### [Your objective]
Using the data that follows, return exactly the lines from the one that contains "1 x Subaru Performance" through the one that contains "Samurai Jeans SJKS24", ends included.

--- Information shown Enclosed Below ---

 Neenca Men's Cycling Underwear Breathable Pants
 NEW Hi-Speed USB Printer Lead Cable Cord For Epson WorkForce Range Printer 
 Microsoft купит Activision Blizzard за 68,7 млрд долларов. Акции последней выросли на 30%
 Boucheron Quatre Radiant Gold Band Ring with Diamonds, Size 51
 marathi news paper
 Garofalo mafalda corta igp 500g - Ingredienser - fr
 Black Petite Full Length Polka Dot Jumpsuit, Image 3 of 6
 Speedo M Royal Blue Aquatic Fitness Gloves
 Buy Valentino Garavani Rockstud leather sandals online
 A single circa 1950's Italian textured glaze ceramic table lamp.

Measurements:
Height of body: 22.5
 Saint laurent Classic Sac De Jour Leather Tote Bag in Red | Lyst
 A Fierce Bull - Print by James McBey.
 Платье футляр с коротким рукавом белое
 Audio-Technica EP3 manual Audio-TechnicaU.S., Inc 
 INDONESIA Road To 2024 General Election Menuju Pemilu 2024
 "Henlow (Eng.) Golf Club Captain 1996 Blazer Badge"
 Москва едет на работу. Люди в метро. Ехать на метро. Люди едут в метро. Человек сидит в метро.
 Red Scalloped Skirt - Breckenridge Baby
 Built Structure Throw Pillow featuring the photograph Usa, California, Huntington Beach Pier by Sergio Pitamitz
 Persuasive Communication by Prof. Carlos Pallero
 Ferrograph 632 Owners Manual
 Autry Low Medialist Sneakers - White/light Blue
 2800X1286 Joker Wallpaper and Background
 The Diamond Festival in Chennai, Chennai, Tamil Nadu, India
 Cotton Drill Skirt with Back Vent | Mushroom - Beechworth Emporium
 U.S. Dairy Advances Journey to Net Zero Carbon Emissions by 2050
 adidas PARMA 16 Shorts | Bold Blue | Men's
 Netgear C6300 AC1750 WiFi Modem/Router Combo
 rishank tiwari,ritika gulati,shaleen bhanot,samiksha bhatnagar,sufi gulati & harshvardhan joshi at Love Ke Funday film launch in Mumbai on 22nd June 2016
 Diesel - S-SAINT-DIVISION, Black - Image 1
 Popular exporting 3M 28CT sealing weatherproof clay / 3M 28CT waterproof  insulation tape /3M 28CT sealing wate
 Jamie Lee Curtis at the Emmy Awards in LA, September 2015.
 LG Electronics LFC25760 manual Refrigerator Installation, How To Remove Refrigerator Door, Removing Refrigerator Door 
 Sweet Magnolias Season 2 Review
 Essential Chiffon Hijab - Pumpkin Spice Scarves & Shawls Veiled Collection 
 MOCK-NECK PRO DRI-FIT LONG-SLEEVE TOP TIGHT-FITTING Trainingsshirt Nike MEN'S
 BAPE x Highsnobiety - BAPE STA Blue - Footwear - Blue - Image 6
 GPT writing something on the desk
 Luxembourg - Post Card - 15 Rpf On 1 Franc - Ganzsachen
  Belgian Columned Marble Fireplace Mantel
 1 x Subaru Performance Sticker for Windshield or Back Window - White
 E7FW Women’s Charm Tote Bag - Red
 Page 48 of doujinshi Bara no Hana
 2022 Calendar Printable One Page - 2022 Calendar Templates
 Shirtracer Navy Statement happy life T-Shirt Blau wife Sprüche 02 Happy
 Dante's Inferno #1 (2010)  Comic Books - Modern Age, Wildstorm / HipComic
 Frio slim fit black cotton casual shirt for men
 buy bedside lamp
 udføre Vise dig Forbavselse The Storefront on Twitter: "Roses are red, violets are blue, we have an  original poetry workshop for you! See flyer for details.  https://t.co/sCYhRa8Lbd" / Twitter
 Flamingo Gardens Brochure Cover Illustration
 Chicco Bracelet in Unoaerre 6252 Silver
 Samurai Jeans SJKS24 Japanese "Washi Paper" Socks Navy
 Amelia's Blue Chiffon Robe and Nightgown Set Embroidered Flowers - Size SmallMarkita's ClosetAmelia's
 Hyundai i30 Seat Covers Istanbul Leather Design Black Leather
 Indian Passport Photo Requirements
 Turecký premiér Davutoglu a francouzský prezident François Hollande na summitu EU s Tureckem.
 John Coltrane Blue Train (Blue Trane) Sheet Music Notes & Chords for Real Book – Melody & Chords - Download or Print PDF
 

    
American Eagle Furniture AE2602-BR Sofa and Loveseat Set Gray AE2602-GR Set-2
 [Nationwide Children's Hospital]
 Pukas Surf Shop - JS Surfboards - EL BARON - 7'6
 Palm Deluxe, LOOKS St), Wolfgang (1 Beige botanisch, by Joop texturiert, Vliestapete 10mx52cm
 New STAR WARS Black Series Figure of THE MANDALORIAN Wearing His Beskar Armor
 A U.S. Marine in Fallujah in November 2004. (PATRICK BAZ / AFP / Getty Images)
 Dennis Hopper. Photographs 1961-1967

--- End of Enclosed Information shown ---

### [Task response]
 1 x Subaru Performance Sticker for Windshield or Back Window - White
 E7FW Women’s Charm Tote Bag - Red
 Page 48 of doujinshi Bara no Hana
 2022 Calendar Printable One Page - 2022 Calendar Templates
 Shirtracer Navy Statement happy life T-Shirt Blau wife Sprüche 02 Happy
 Dante's Inferno #1 (2010)  Comic Books - Modern Age, Wildstorm / HipComic
 Frio slim fit black cotton casual shirt for men
 buy bedside lamp
 udføre Vise dig Forbavselse The Storefront on Twitter: "Roses are red, violets are blue, we have an  original poetry workshop for you! See flyer for details.  https://t.co/sCYhRa8Lbd" / Twitter
 Flamingo Gardens Brochure Cover Illustration
 Chicco Bracelet in Unoaerre 6252 Silver
 Samurai Jeans SJKS24 Japanese "Washi Paper" Socks Navy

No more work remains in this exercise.